DIRECTIONS ▸
For this task, output exactly the lines of the material below starting at the line with "哈尔滨电气集团公司标图片" and ending at the line with "Express logistics Musabani to Lakshadweep"; pictures are to be excluded.

STUDY MATERIAL ▸
┄┄┄┄┄┄

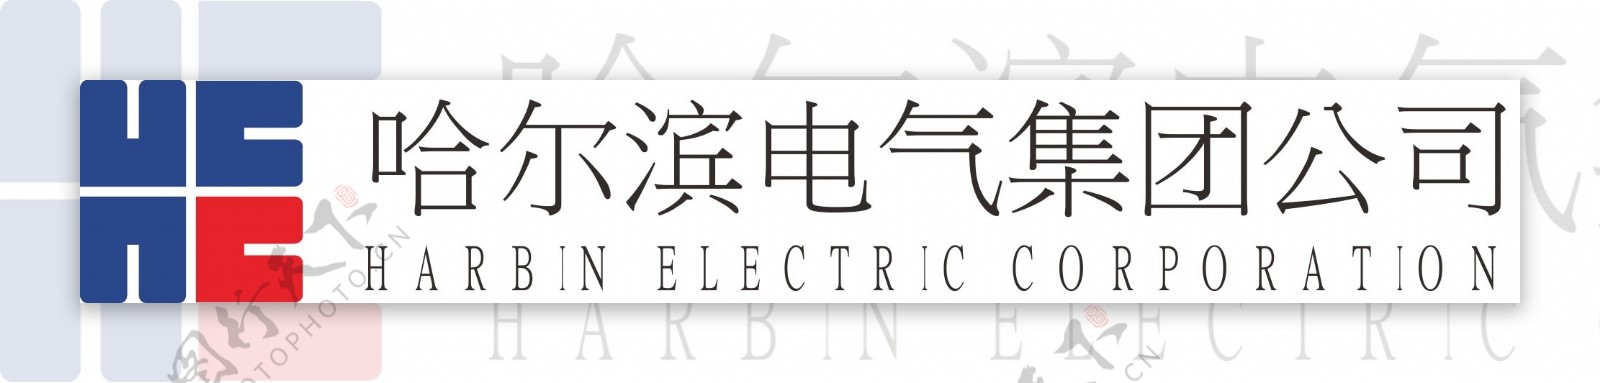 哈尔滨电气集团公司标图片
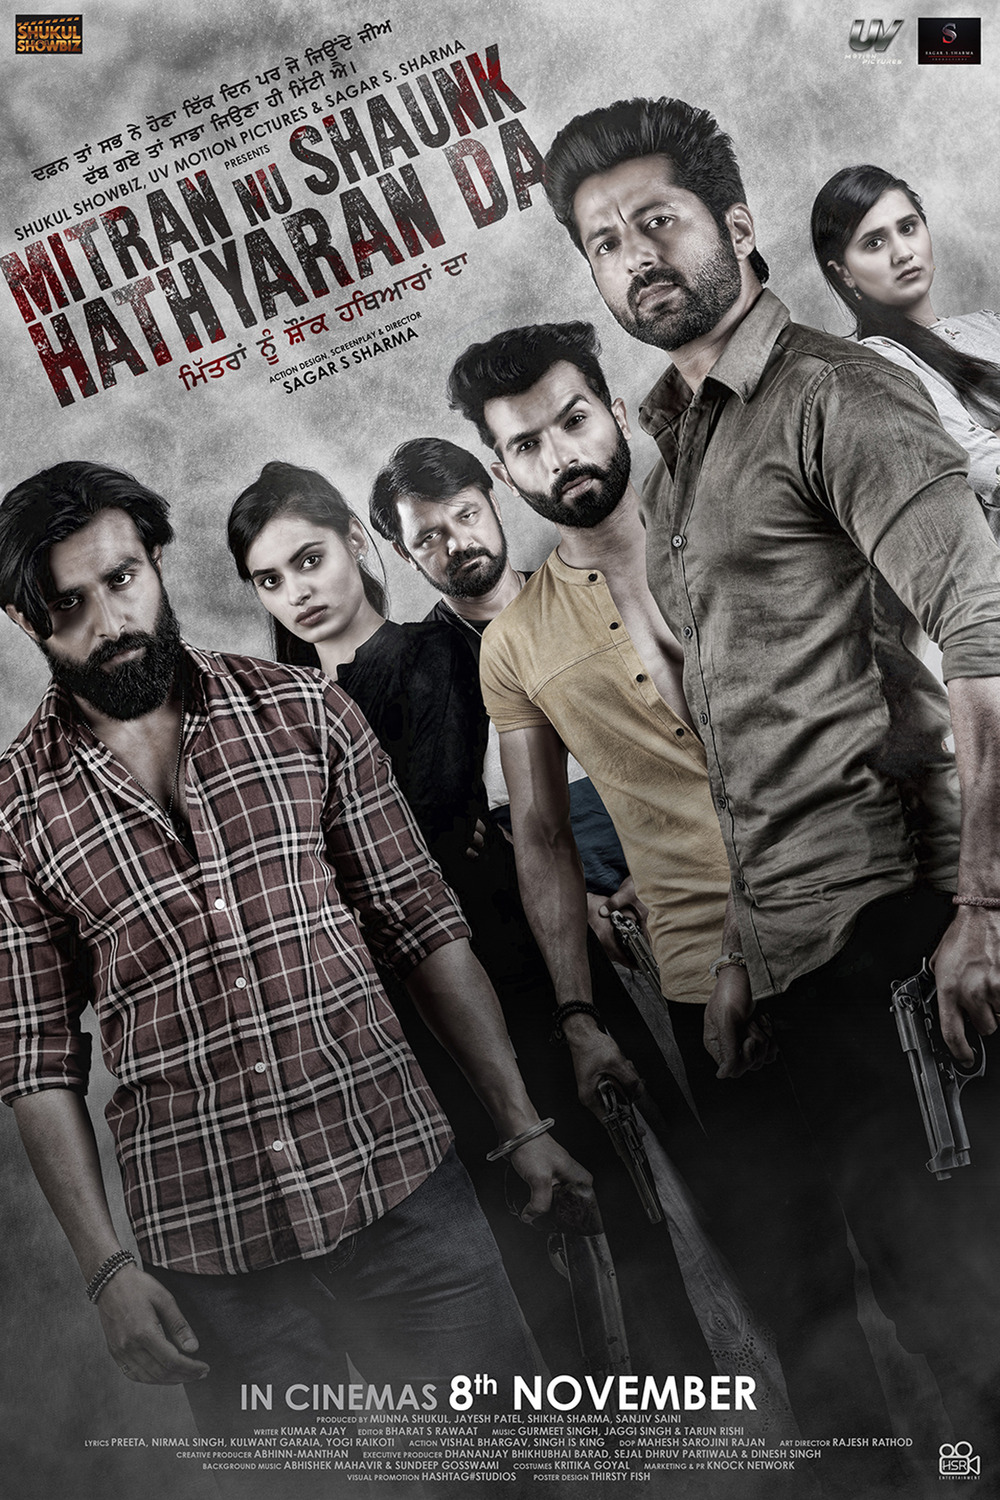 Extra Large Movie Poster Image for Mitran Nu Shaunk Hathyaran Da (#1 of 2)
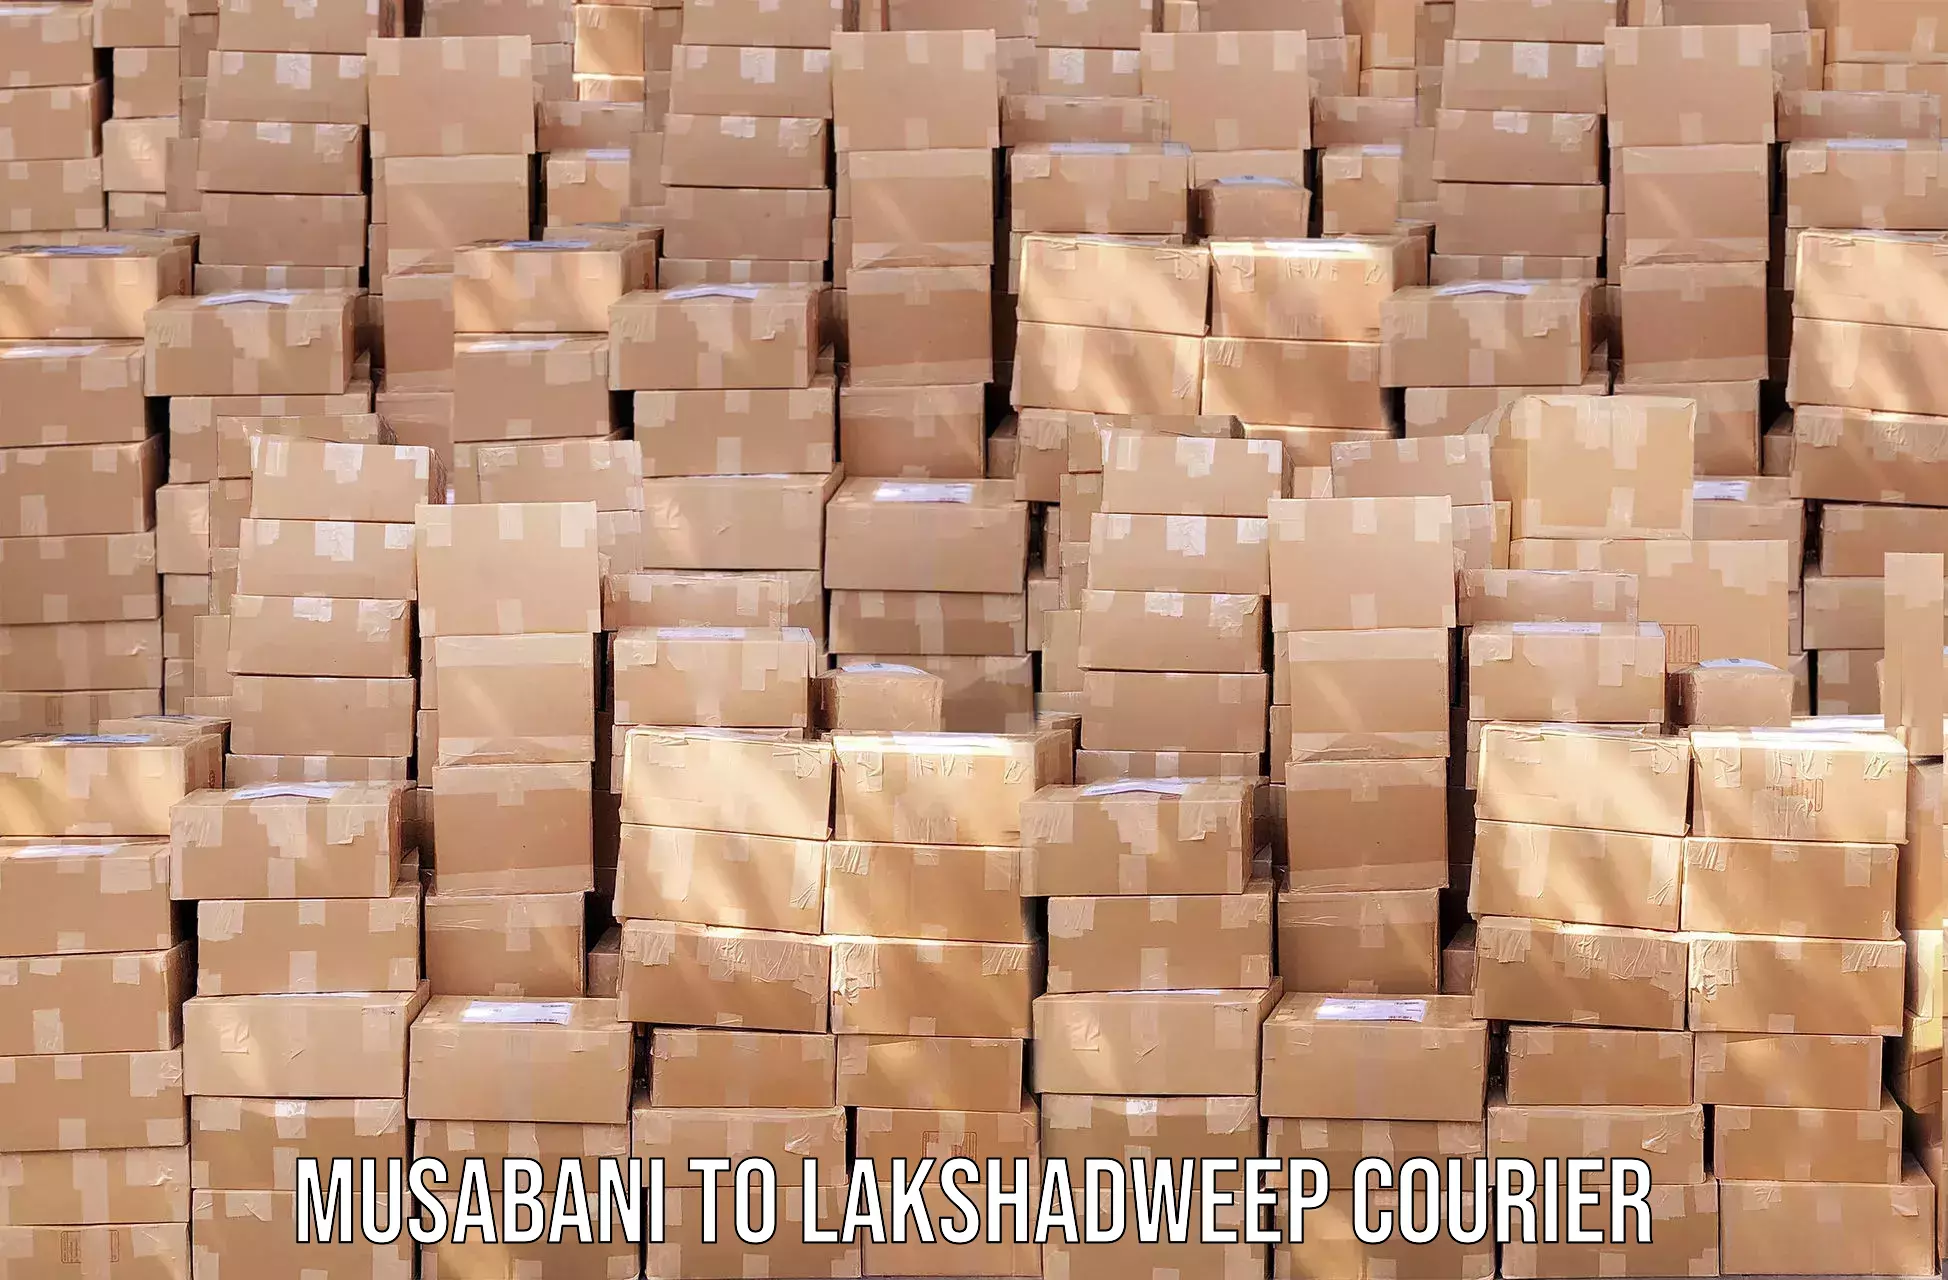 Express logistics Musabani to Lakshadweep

┄┄┄┄┄┄

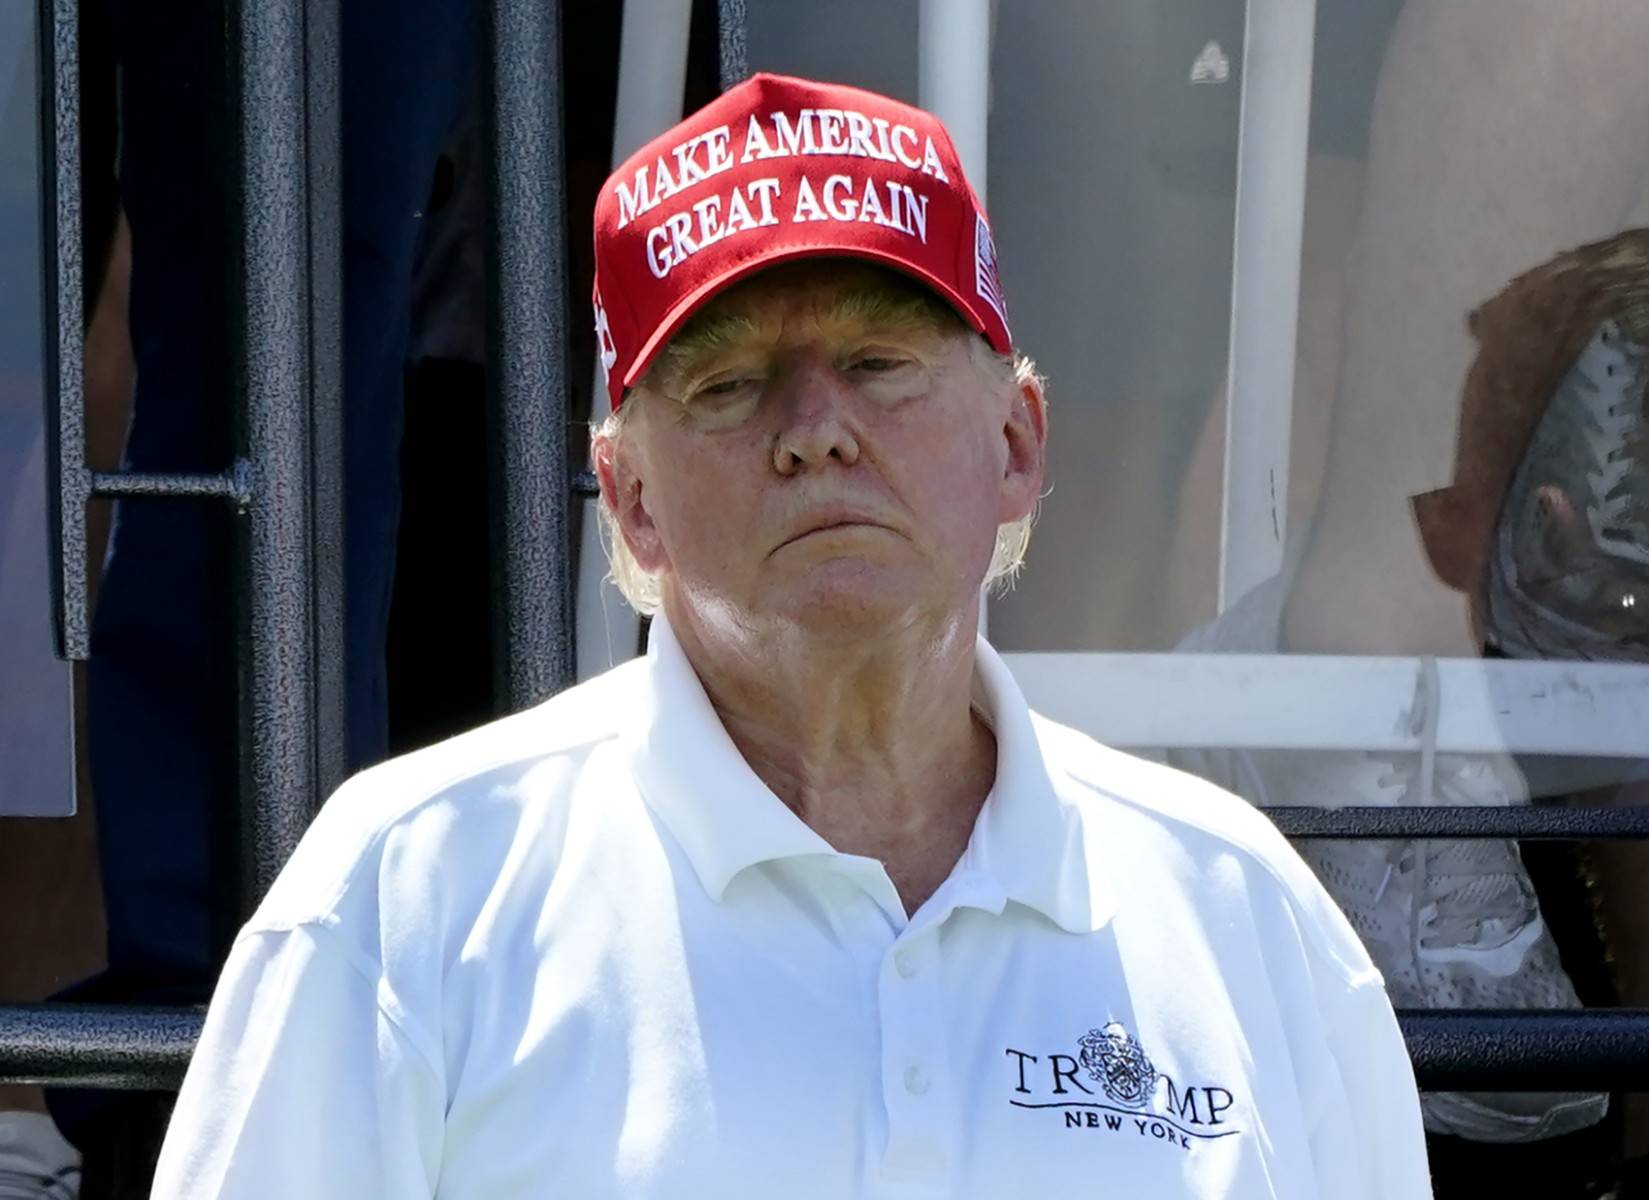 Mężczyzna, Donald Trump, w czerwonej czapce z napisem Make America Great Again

┄┄┄┄┄┄

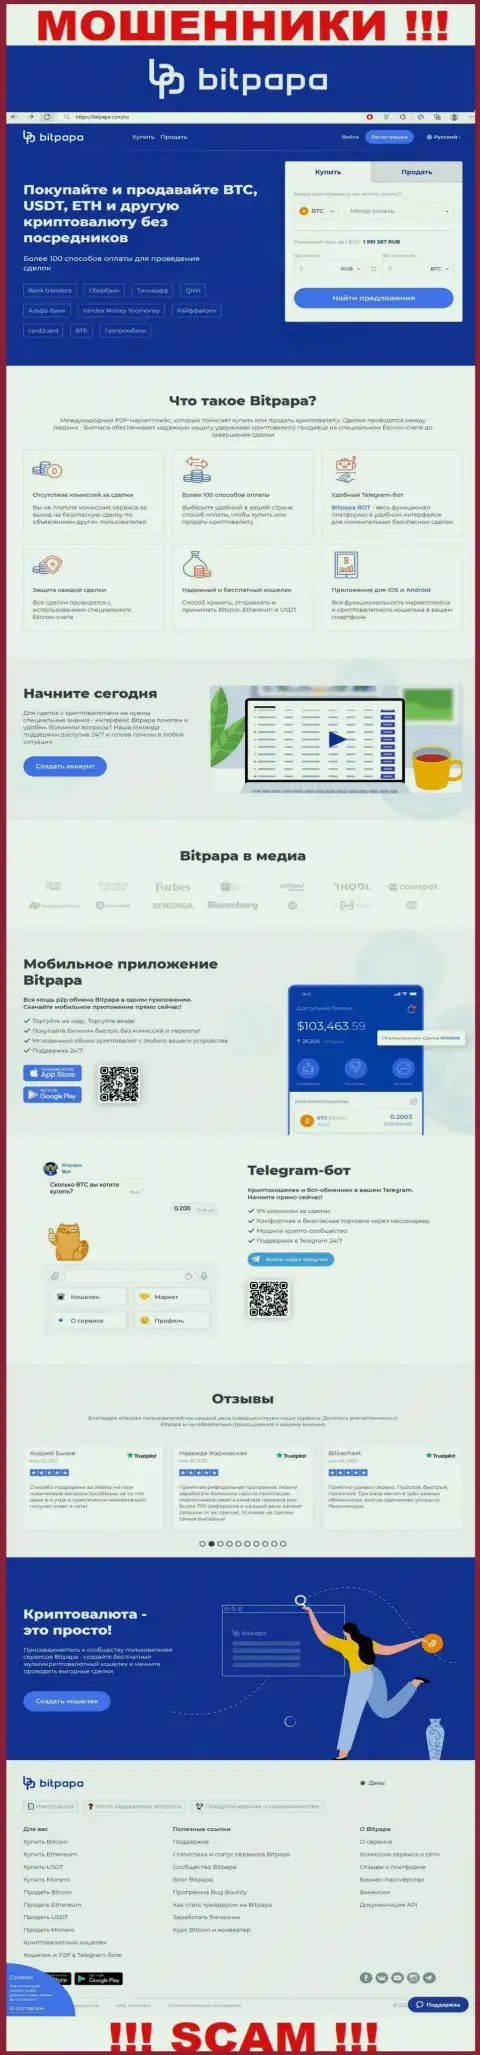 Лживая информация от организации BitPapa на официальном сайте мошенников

┄┄┄┄┄┄

ANSWER TO THIS EXERCISE ▸
 哈尔滨电气集团公司标图片
 Extra Large Movie Poster Image for Mitran Nu Shaunk Hathyaran Da (#1 of 2)
 Express logistics Musabani to Lakshadweep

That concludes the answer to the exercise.